We are also working on learning in probabilistic graphical models where the available data are incomplete. Including latent variables in graphical models causes computational costs incurred by the unknown values of latent variables. Many methods introduced for learning models with latent variables are expensive because they need repeated inference, which is not an easy process since it requires many iterations to converge. We are trying to speed up learning on discrete Markov random field by applying the dualization of belief propagation inference. We examine different inference methods (Belief Propagator, TRW BP, Convex BP, Max-Margin BP, MPLP). We test this method to image segmentation task on horse and scene understanding datasets.
Honors and Awards:
  • Tapia travel award from Virginia Tech, Fall 2018.

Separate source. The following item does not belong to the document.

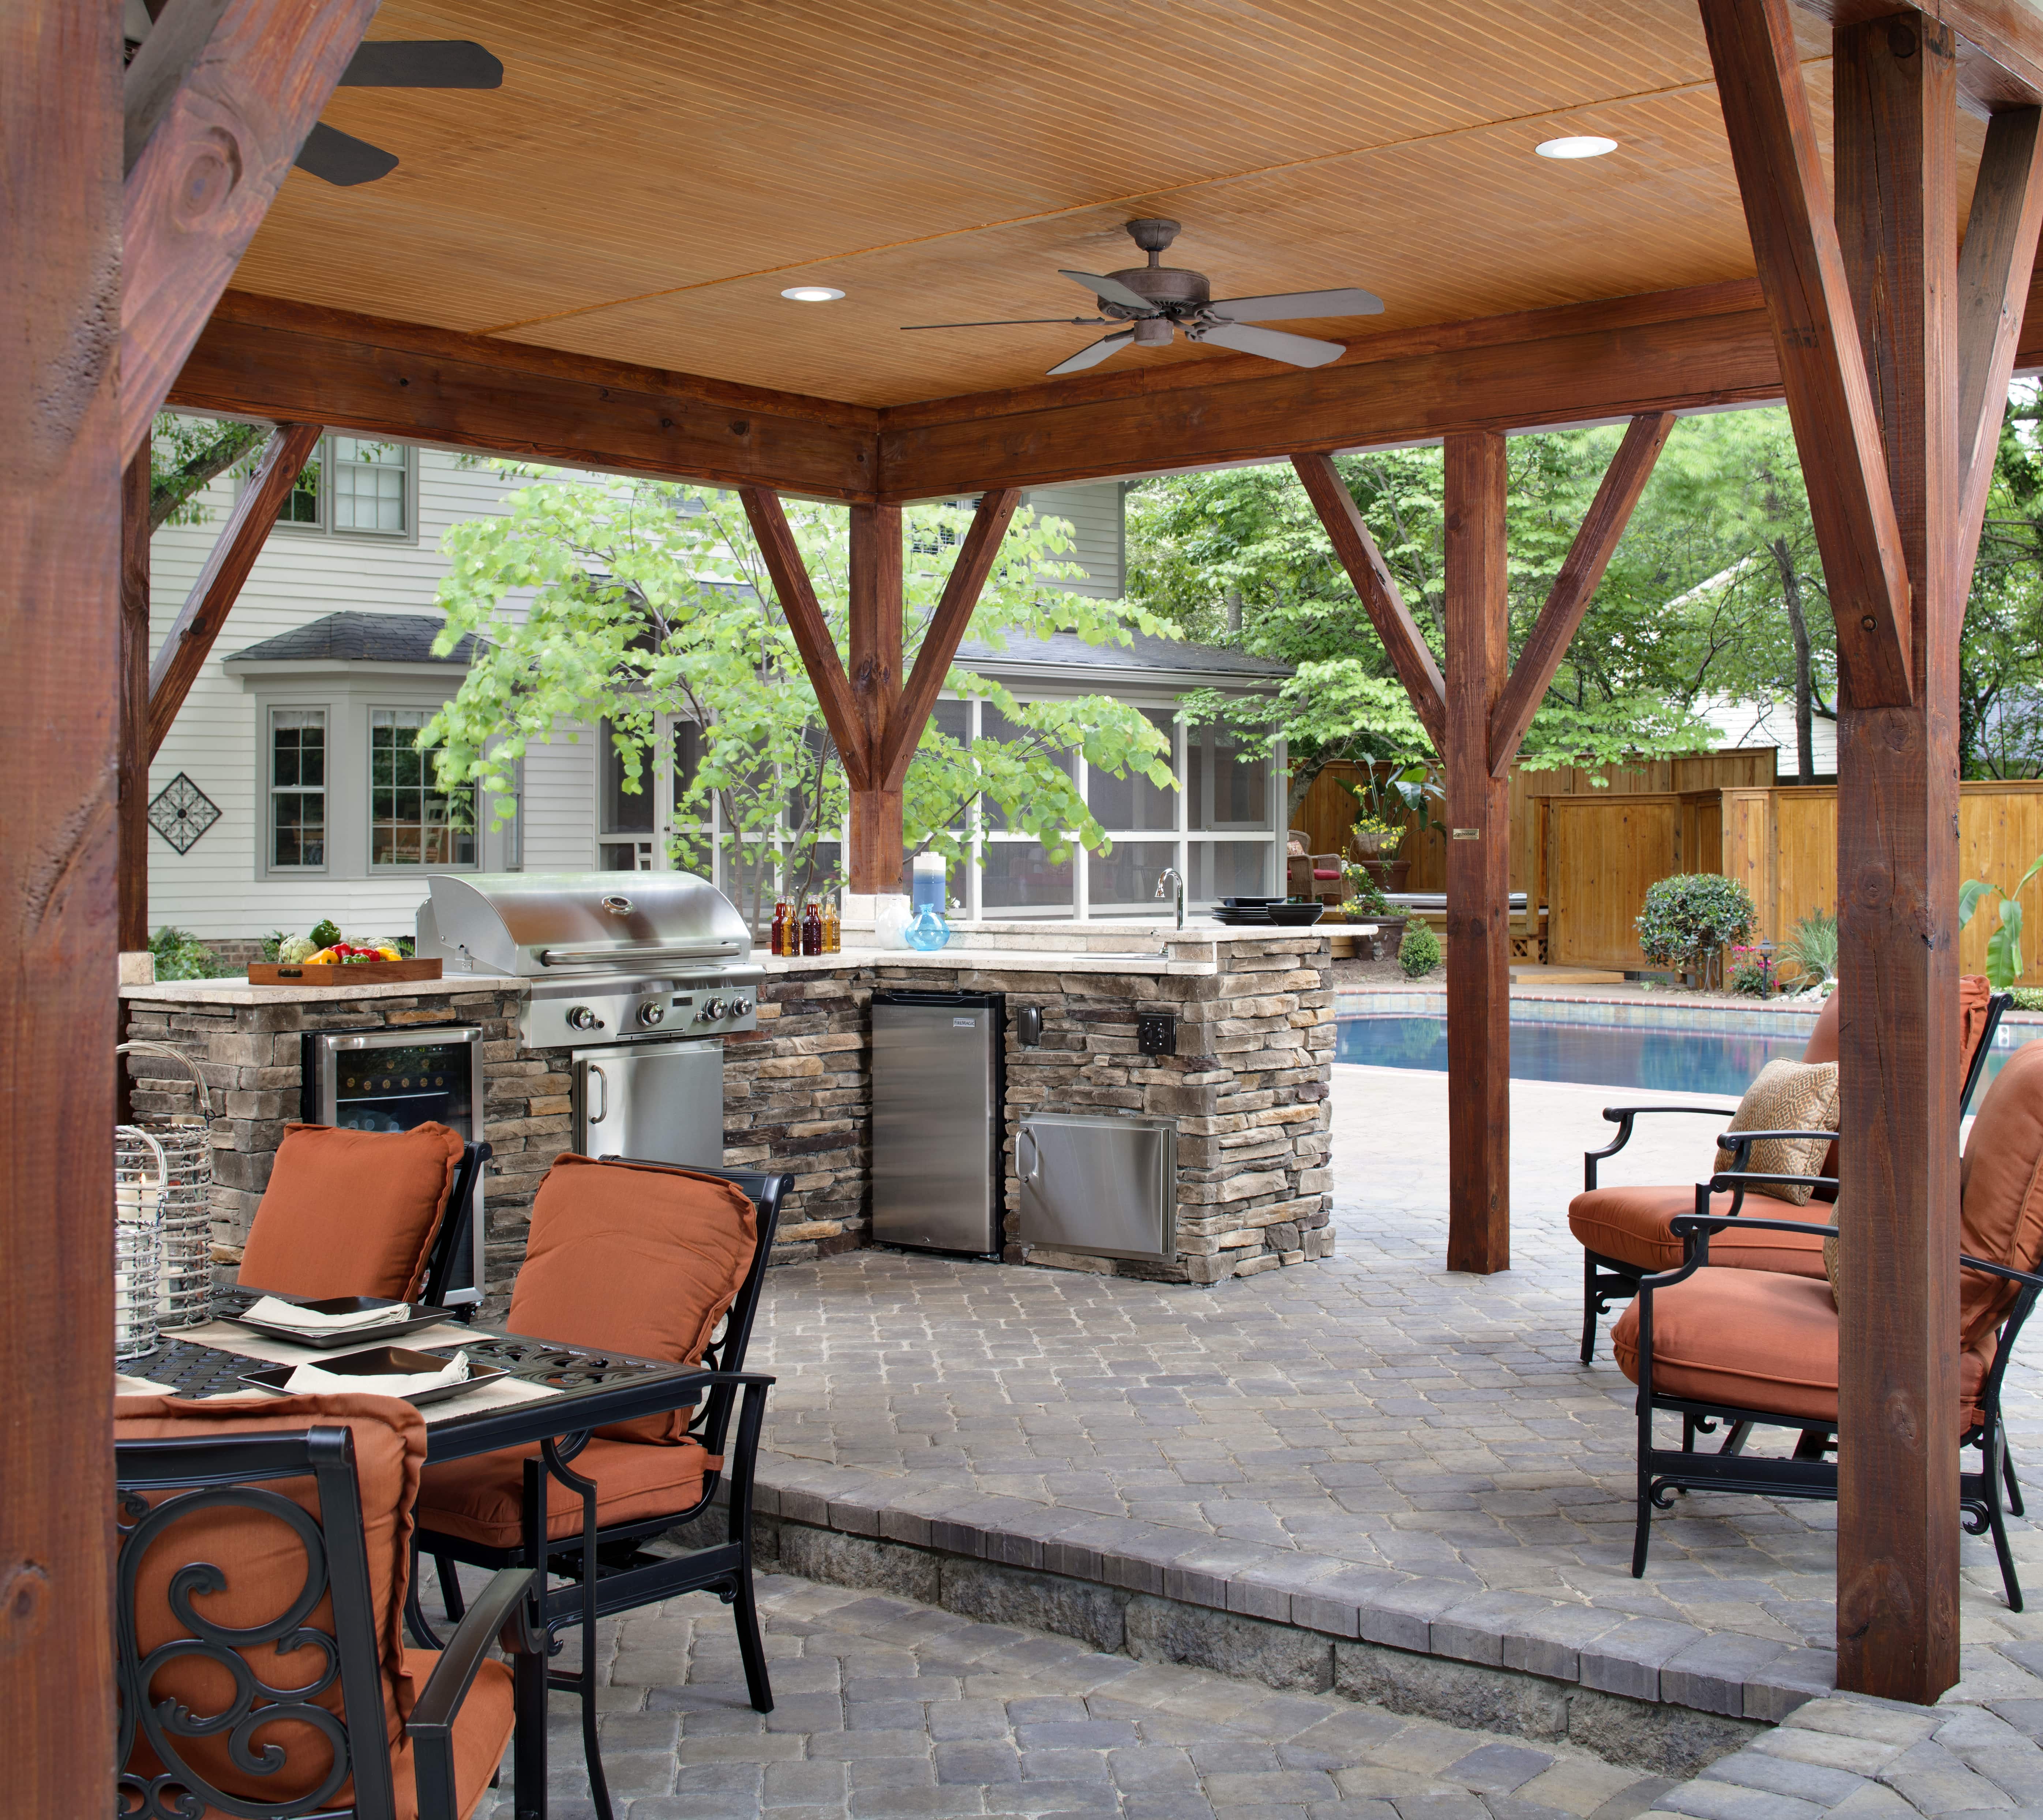 Outdoor living space with outdoor kitchen feature

  • Best graduate student poster presentation award at the Virginia Tech SAIC Integrated Security Colloquium, 2018.
  • Received stipend bonus from Computer Science department at Virginia Tech for excellent progress, 2017.
  • Best paper award at Learning with Limited Labeled data workshop at NIPS for the paper titled “Co- trained Ensemble Models for Weakly Supervised Cyberbullying Detection”, 2017.
  • Best paper award for the paper titled "Cyberbullying Detection with Weakly Supervised Machine Learning", ASONAM 2017.
  • Women in Machine Learning (WiML) workshop Travel Award, 2017.
  • Grace Hopper Celebration Student Scholarship, 2017. Sponsored by RetailMeNot.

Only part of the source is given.